Bueno, la Antropología se preocupa de realidades cercanas a la vida cotidiana de las ciudades desde los tiempos de la venerable Escuela de Chicago en los años 20 del siglo pasado. En este sentido, no se ha hecho otra cosa en estas jornadas más que advertir de la vigencia de esa perspectiva y de su importancia. Son asuntos en los que todos estamos de alguna forma involucrados, también como protagonistas en nuestra vida ordinaria. La ciudad, la vida de cada día... ese es el asunto que la Antropología ha tenido siempre como su objeto y no se ve porqué ese objeto ha de cambiar.
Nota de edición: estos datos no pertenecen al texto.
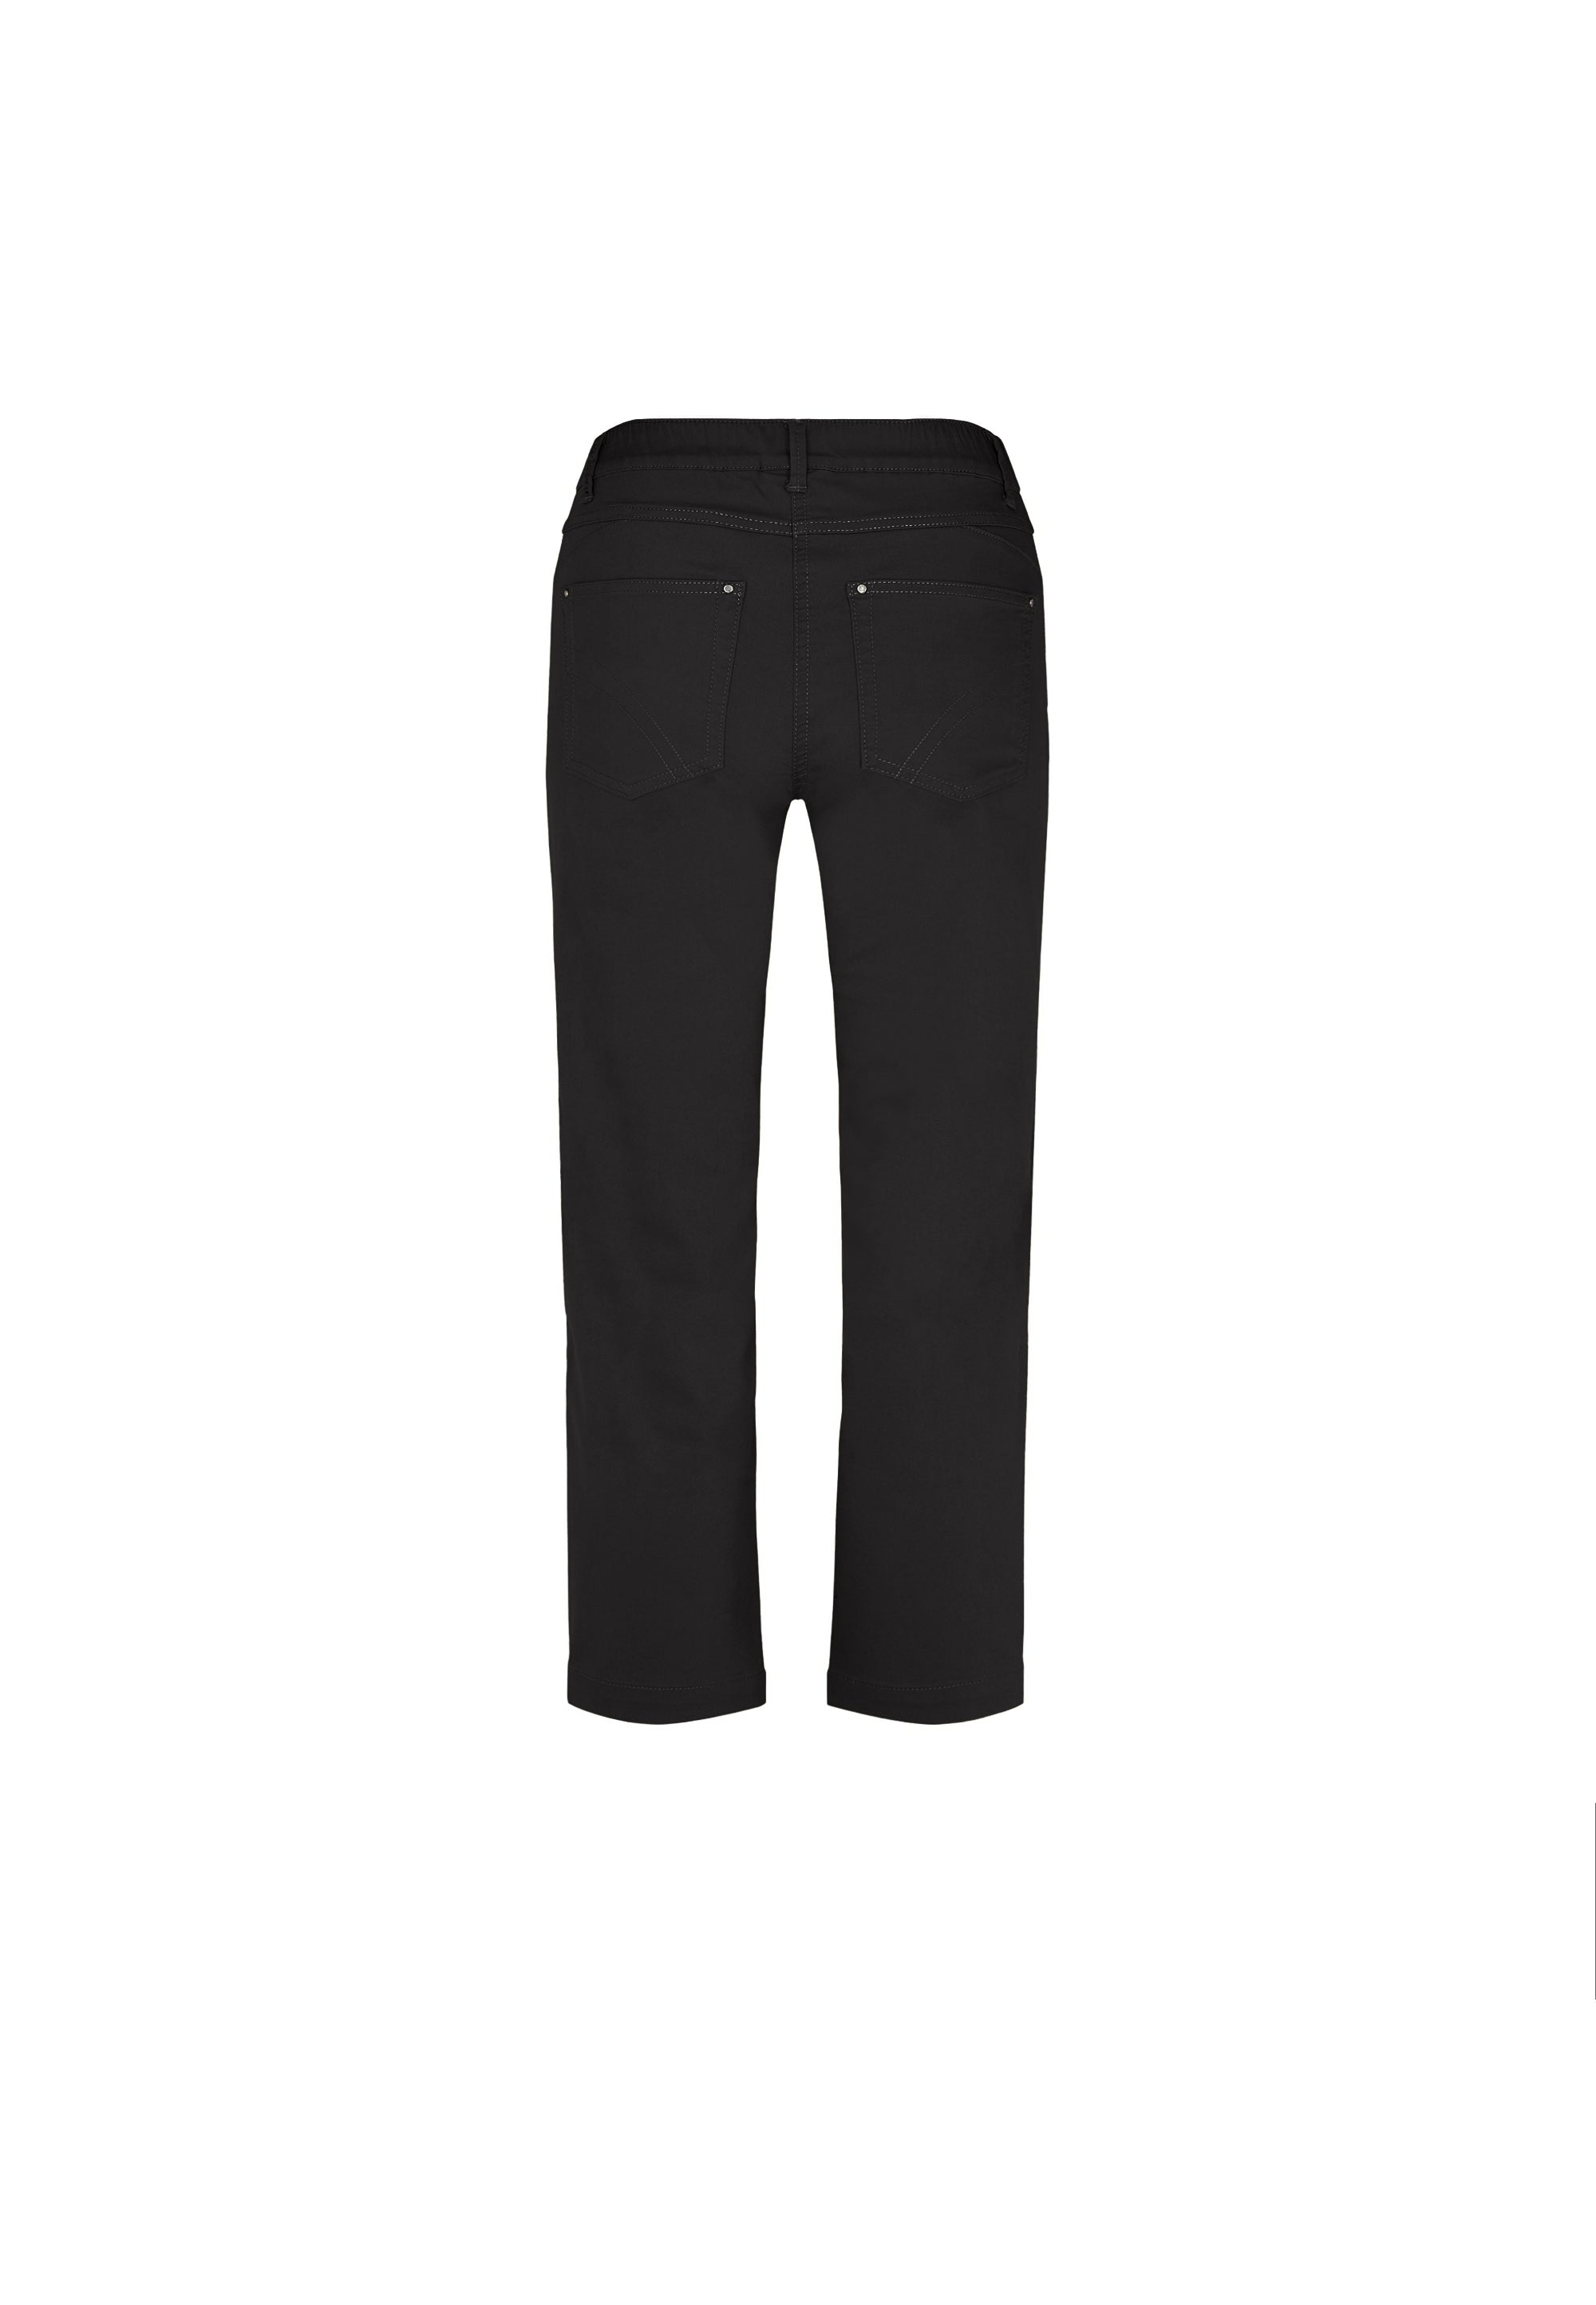 LAURIE Helen Straight - Extra Short Length Trousers STRAIGHT 99000 Black

El drama social de los desahucios es un tema que está en las primeras páginas de la actualidad. Como investigador del hábitat humano —además de como ciudadano—, ¿cómo observa esta derivada “urbana” de la crisis del sistema?
Cuando se habla de fenómenos como pueden ser las grandes transformaciones urbanas, las dinámicas urbanísticas que con frecuencia no son más que dinámicas inmobiliarias aunque se quieran presentar de otra forma, yo creo que muy pocas veces se contemplan los efectos sociales que tienen. Las ciudades cambian más que el corazón de un mortal, decía Baudelaire. Pero de verdad que no se tiene en cuenta que esos cambios pueden ser formidables y mejorar la vida de las personas, pero también pueden ser catastróficos. Y en este caso estamos ante esa segunda realidad. Ha habido una especie de burbuja, así se dijo hace muchísimo tiempo, y hubo gente que lo repitió inútilmente porque no parecía reconocerse la evidencia de que la catástrofe se estaba viniendo encima y ahora se está viendo lo que ha pasado; que en todos los niveles esto ha estallado y con un precio humano importantísimo del que todos somos testigos, algunos incluso víctimas.
Pero si me permiten, lo que merece la pena es poner de manifiesto una cosa de la que no sé si se está hablando: pero en buena medida este tema y lo que implica fue el asunto que movilizó a grupos sociales que con frecuencia han sido sistemáticamente denigrados, depauperados, estigmatizados, mostrados como indeseables... Pues es cierto que un movimiento tan radicalmente urbano como es el movimiento okupa hace tiempo que empezó a advertir de la condición perversa de ciertas formas de crecimiento económico basado en la especulación inmobiliaria. Y creo que estaría bien que alguien reconociese que mucho antes de que las altas instancias políticas y la prensa tomaran conciencia de ello, estos jóvenes ya lo habían advertido y fueron ellos quienes empezaron a lucha contra los desahucios en cuanto empezaron a producirse.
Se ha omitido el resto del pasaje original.